Serum procalcitonin in cerebral ventriculitis.

The objective of this study was to test the hypothesis that serum procalcitonin is increased in patients with bacterial cerebral ventricular infections after the insertion of temporary external ventricular drains.
This open, prospective study included patients requiring temporary external ventricular drains for various neurologic conditions such as intracerebral hemorrhage with ventricular hemorrhage or space-occupying lesions in the posterior fossa (cerebellar infarctions or hemorrhages). Patients experiencing primary central nervous system infection or sepsis were excluded. Procalcitonin, C-reactive protein, and white blood cell count were measured daily. Cerebrospinal fluid was investigated every other day, including cerebrospinal fluid cell count, lactate, glucose, and cerebrospinal fluid culture. Results were categorized according to presence of bacterial cerebrospinal fluid infection as determined by positive cerebrospinal fluid cultures.
A total of 34 consecutive patients were included. Procalcitonin was significantly higher (4.7 vs. 0.2 ng/mL) in patients with proven bacterial ventriculitis. Cerebrospinal fluid cell count (456 vs. 478 cells/microL) could not distinguish bacterial infection from abacterial reactions, mainly because of blood contamination of the cerebrospinal fluid.
Cerebrospinal fluid of patients treated with temporary external ventricular drains is frequently characterized by blood contamination because of the insertion procedure, the underlying neurologic disorder such as ventricular hemorrhage, or the presence of an abacterial chemical ventriculitis. Thus, diagnosis of a bacterial ventricular infection requiring immediate antibiotic therapy is less certain. Serum procalcitonin adds to the diagnostic precision in bacterial ventriculitis.

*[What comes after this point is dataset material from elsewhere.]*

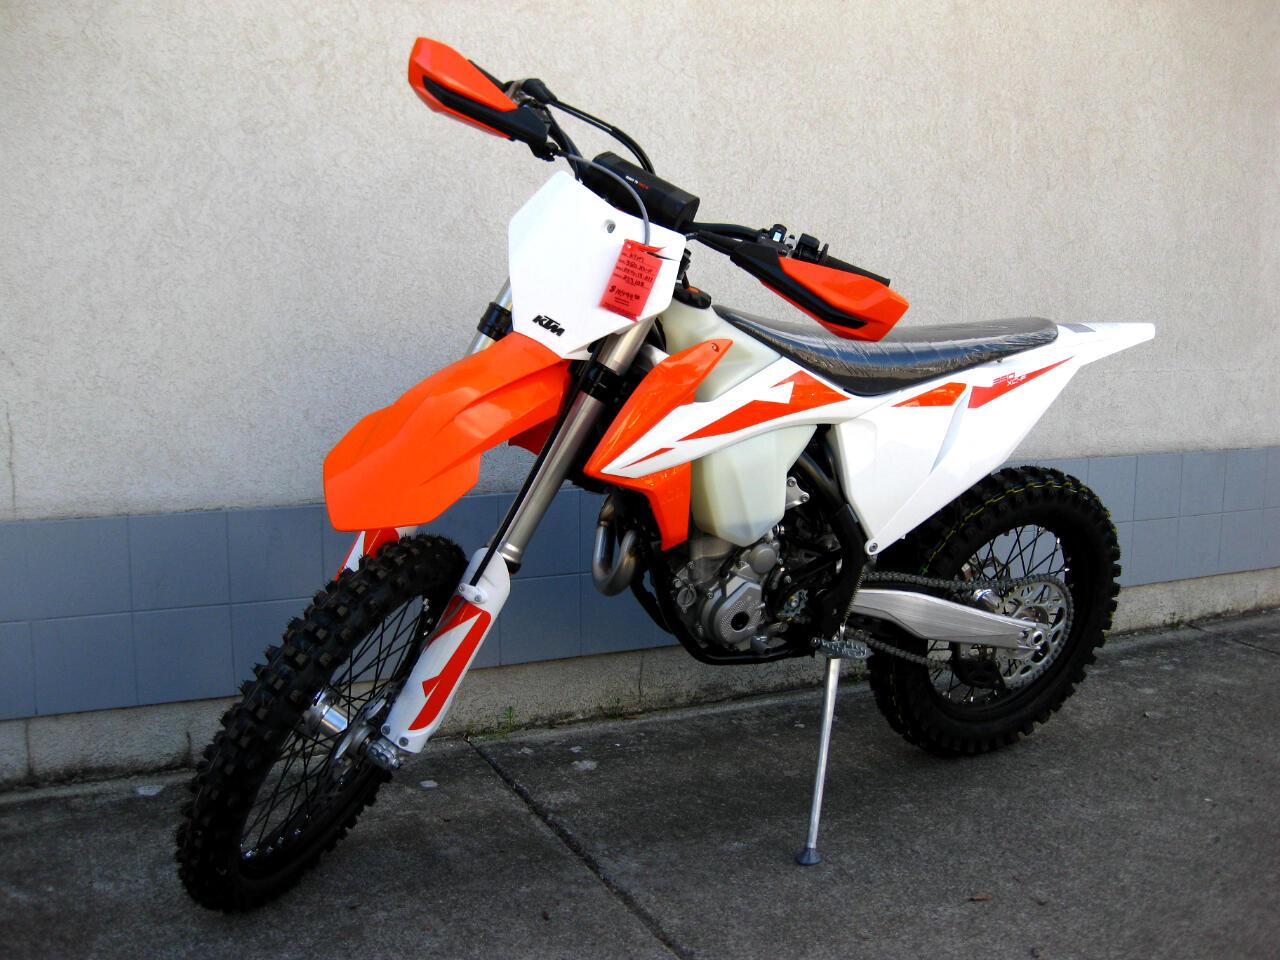 2019 KTM 350 XC-F

AuthorsChristian Berger, Stefan Schwarz, Wolf R Schaebitz, Alfred Aschoff, Stefan Schwab
JournalCritical care medicine (Crit Care Med) Vol. 30 Issue 8 Pg. 1778-81 (Aug 2002) ISSN: 0090-3493 [Print] United States
PMID12163792 (Publication Type: Clinical Trial, Comparative Study, Controlled Clinical Trial, Journal Article)
Chemical References
  • Biomarkers
  • Protein Precursors
  • procalcitonin
  • Calcitonin
  • C-Reactive Protein
  • Aged
  • Biomarkers (blood)
  • C-Reactive Protein (analysis)
  • Calcitonin (blood)
  • Cerebral Ventricles (blood supply, microbiology)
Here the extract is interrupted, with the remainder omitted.